2 nights ago we went and ate dinner with our ministry leader and partner. (thats a co-staff thai and the students that they disciple that we will be partnering with when we go on campus) as we sat there eating some really interesting food that i still dont know how i feel about, we went around and shared our testimonies and what the Lord has been doing in our hearts and lives. i had some of the most mixed emotions during that time...
my ministry partner, who is seriously one of the coolest girls i have ever met, blew me away with her dedication to the gospel. when she became a christian, her family totally cut her off from everything and she was totally on her own. when i asked her if that ever made her waver in her faith or question what she now believed she said, and with a huge smile on her face, that if she did not stay with christianity, there would be no way her family would have a hope beyond hell. that hit me like a load of bricks. seeing these people who have given everything for the sake of the Gospel is so convicting to me. i sit at school acting like its some big thing that because im a christian i shouldn't _________ whereas these girls want to give up everything because they understand the immense joy that comes in surrendering. i want a faith like theirs.
in our quiet times yesterday we read in Mark about when the Lord called his first disciples... before that though the title is 'Jesus begins his ministry' saying
"...Jesus came into Galilee, proclaiming the gospel of God and saying,
'The time is fulfilled, and the kingdom of God is at hand:
repent and believe in the Gospel"
that simple. repent and believe. i make it seem like its so much harder than that. but thats it. i have been called to proclaim this gospel of good news. to proclaim that all God asks is for us to repent from our sin and believe in Him.
so many times i see people who say 'im almost there i just need more time to think about it' or something along those lines in regard to becoming a christian. thats when this next section blew me away. because, even now that i am a christian, i still do that! i say, ' oh i see that thats a sin, but i just need more time before im really convicted about it or really need to repent' seriously?
"and Jesus said to them,
"Follow me and I will make you become fishers of men."
and immediately they left their nets and followed him."

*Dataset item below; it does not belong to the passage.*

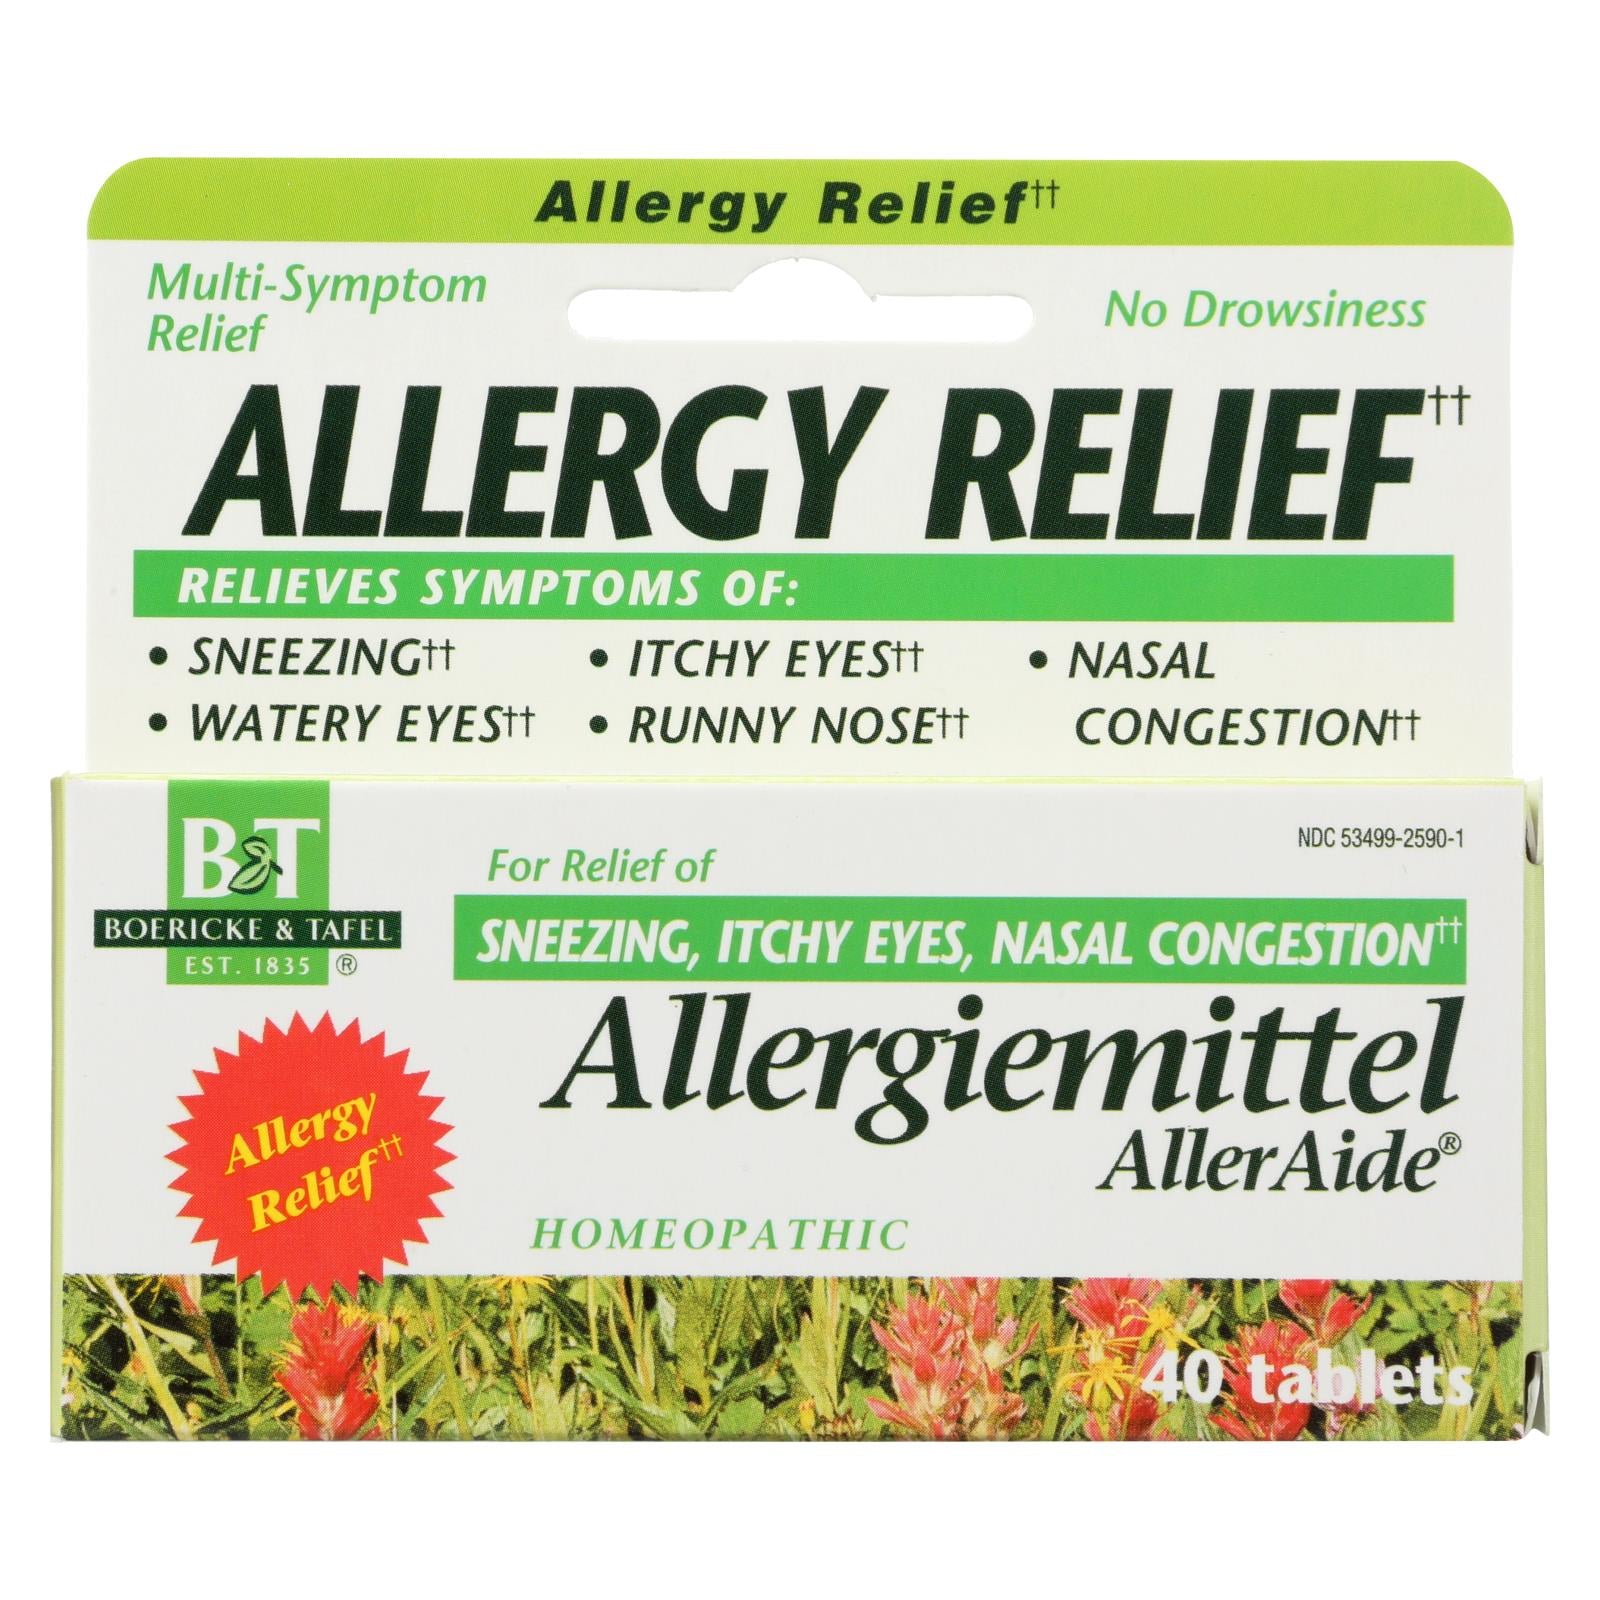 Boericke And Tafel - Allergiemittel Alleraide - 40 Tablets

immediately. not well let me decide if i feel like it then i will. not let me go say bye to my family and make sure its ok with them. not im busy doing what i want right now but i will next week when its more convenient. no. immediately they followed him. i want a faith like that.
we had our first Sabbath yesterday. i wont lie, i may or may not have shed a tear. i have never loved a worship service as much as i loved ours yesterday. our leader, matt, prayed after and thanked the Lord for giving us a small taste of what Heaven will be like and that was so true. in the service, we were gathered in a gym, that only had fans as air conditioning, in some chairs. but it was the most beautiful church i have ever seen. we all gathered and sang worship songs in Thai and in English.
"After this I looked, and behold, a great multitude that no one could number,
from every nation, from all tribes and peoples and languages,
standing before the throne and before the Lamb,
clothed in white robes, with palm branches in their hands,
and crying out with a loud voice,
“Salvation belongs to our God who sits on the throne,
and to the Lamb!”
this is all just some of what the Lord has been teaching me. its not close to all of it though. all that being said, it has definitely been hard. adjusting has been difficult. getting used to the food, the time change, the piece of cement that we sleep on, the language, and overall just the difference in cultures has been alot to figure out at once.
we also brought alot with us. or at least i did. and not physical stuff- i mean things going on in our hearts. struggles we are fighting, emotions that we dont know what they are, frustrations we have from certain things... so in the midst of working through things in my heart with the Lord on top of being thrown into this totally unknown culture has been alot for me.
luckily i have a baller roommate (and team). we were talking about this the other night and she reminded me of what Moe, one of our directors, keeps saying- that we are "in Christ". and because of that, we are more than adequate, more than able, and completely strong. its so great being reminded of that each day even though i definitely dont feel like it that majority of the time.
on a lighter note, its so fun talking to the thais! they laugh at us so hard when we butcher words. 'ba ba bo bo jing jing' is by far my favorite thing to say! it means 'very crazy'. we were talking with some of the thai girls about what music they like and one said Lady Gaga to which we all started laughing and saying 'lady gaga ba ba bo bo jing jing!!' they also LOVE taylor swift. courtney has had alot of fun telling them that she lives in the same place at tswift ha. i met one girl yesterday, djrinka who is majoring in photography. we both got out our cameras and tried** to talk about why we love it.
also last night we ate dinner again with our ministry partners last night and milcah and i ate boiled pigs feet. and our friend Pbaan ate pigs blood. when in Thailand right?
- We go onto campus for the first time today! pray for us to remember the little bit of Thai that we do, and that the Lord would give us and our ministry partners boldness is just talking to students
- Pray for our team. that we would continue getting to know each other and encouraging one another
- Praise the Lord that Matt Hill was found.
- Pray that the Lord would continue showing each of us what it is He has us to learn this summer.